How Leaders Can Cope With Complexity

CFO Innovation Asia

April 10, 2014

When trying to cope with the challenge of complexity, leaders often make a fundamental mistake: they neglect to find out what their people actually do. Instead, they rely on more-abstract management notions that hurt performance by making organizations more complicated, clumsy, and unresponsive, according to a new book by experts at the Boston Consulting Group (BCG).

In Six Simple Rules: How to Manage Complexity Without Getting Complicated, published this month by Harvard Business Review Press, BCG senior partners Yves Morieux and Peter Tollman make the case for a new approach—“smart simplicity”—which consists of a set of principles and tools designed to make people more autonomous, cooperative, and able to solve problems so that organizations can become increasingly agile, competitive, and responsive.

The first step in applying smart simplicity is to find out what employees actually do; the next step is to change conditions so that employees do what the organization needs.

“The secret of performance is to find out what your people are doing and make it rational for them to work together to solve your problems,” Morieux says.

“The best way to increase performance is to look at how people behave and why people are behaving that way,” adds Tollman.
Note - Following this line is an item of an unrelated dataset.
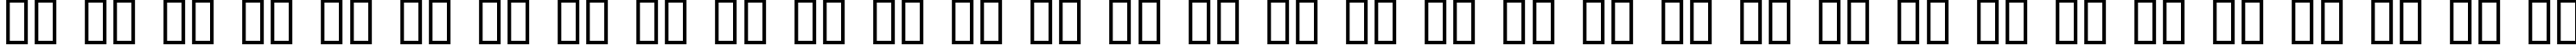 Пример написания русского алфавита шрифтом DreadLox
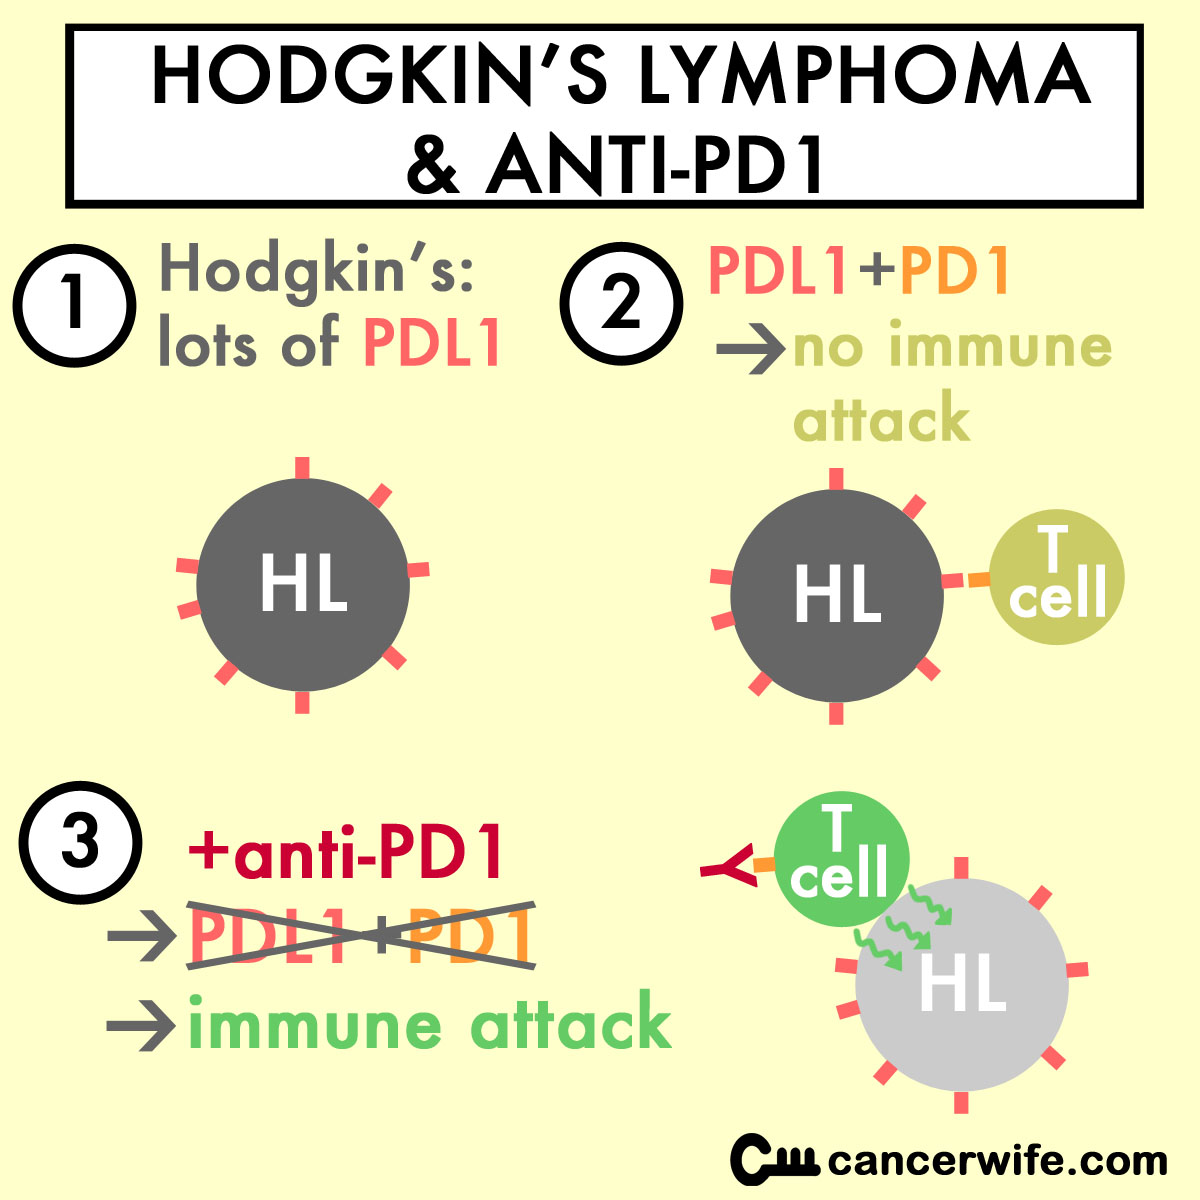 Hodgkin's lymphoma and anti-PD1

According to the authors, smart simplicity is urgently needed because business is becoming ever more complex. Complexity, they explain, stems from increasing and often conflicting customer demands and regulatory requirements, as well as intensifying global competition. BCG research shows that in 1955, businesses typically committed to between four and seven performance imperatives. Today, they commit to between 25 and 40—a sixfold increase.

But complexity isn’t the problem, Morieux and Tollman argue; the problem is what businesses do in response. “Managers leap instinctively into so-called best practices and other abstractions,” Morieux says. “They create new layers and procedures—for example, trying to improve reliability by creating a “reliability department.” The organization becomes more complicated and cumbersome—and less able to respond.” Data from the BCG Institute for Organization shows that the number of procedures has gone up 6.7% since 1955—35 times higher, compared with the sixfold increase in external complexity.

“What a manager grappling with a reliability problem should do is find out why employees are behaving in a way that makes products unreliable—hiding problems or not sharing resources—or focusing too much on other, conflicting goals such as cost or time to market,” Morieux says.

The key to smart simplicity, the authors say, is for managers to apply the Six Simple Rules in order to promote greater autonomy and cooperation:

  • Find out what’s really happening in the organization. “Learn how and why your people cooperate, find resources, and solve problems—or how and why they fail to do so,” Tollman says.
  • Identify the people who make cooperation happen. “Real cooperation is hard,” Morieux says. “People need to come together, understand each other’s needs, and produce a piece of work that’s more than the sum of the parts. Sometimes that increases tensions. But the people who are resented might be the glue that holds cooperation together. You must give them the power, incentives, and authority to succeed.”
  • Give more people more power. If more people have power to make decisions in the organization, that means they can solve problems on their own.
  • Take away resources to make people dependent on each other. “Having fewer resources means people have no choice but to rely on each other, which helps to foster cooperation,” Morieux says. “If you take away all the televisions but one in a household, people are forced to do the difficult, cooperative work of deciding what to watch.”
  • Help your people “live with the consequences.” The book cites the example of a vehicle manufacturer whose products were famously hard to repair. The company assigned its engineers to future positions in the repair departments. Once they knew they would have to confront the repair problem themselves, they quickly found solutions to make vehicles easier to fix. This allowed the company to extend the warranty period of its products, which had become a new competitive requirement.
  • Don’t punish failure; instead, punish people who fail to cooperate. “If people are afraid to fail, they will hide problems from you and their peers,” Morieux explains. “Managers should reward people who surface problems—and punish those who don’t come together to help solve them.”

“The problem is not business complexity,” Morieux says. “The problem is how organizations respond. They forget the basic fact that performance is what it is because people do what they do.”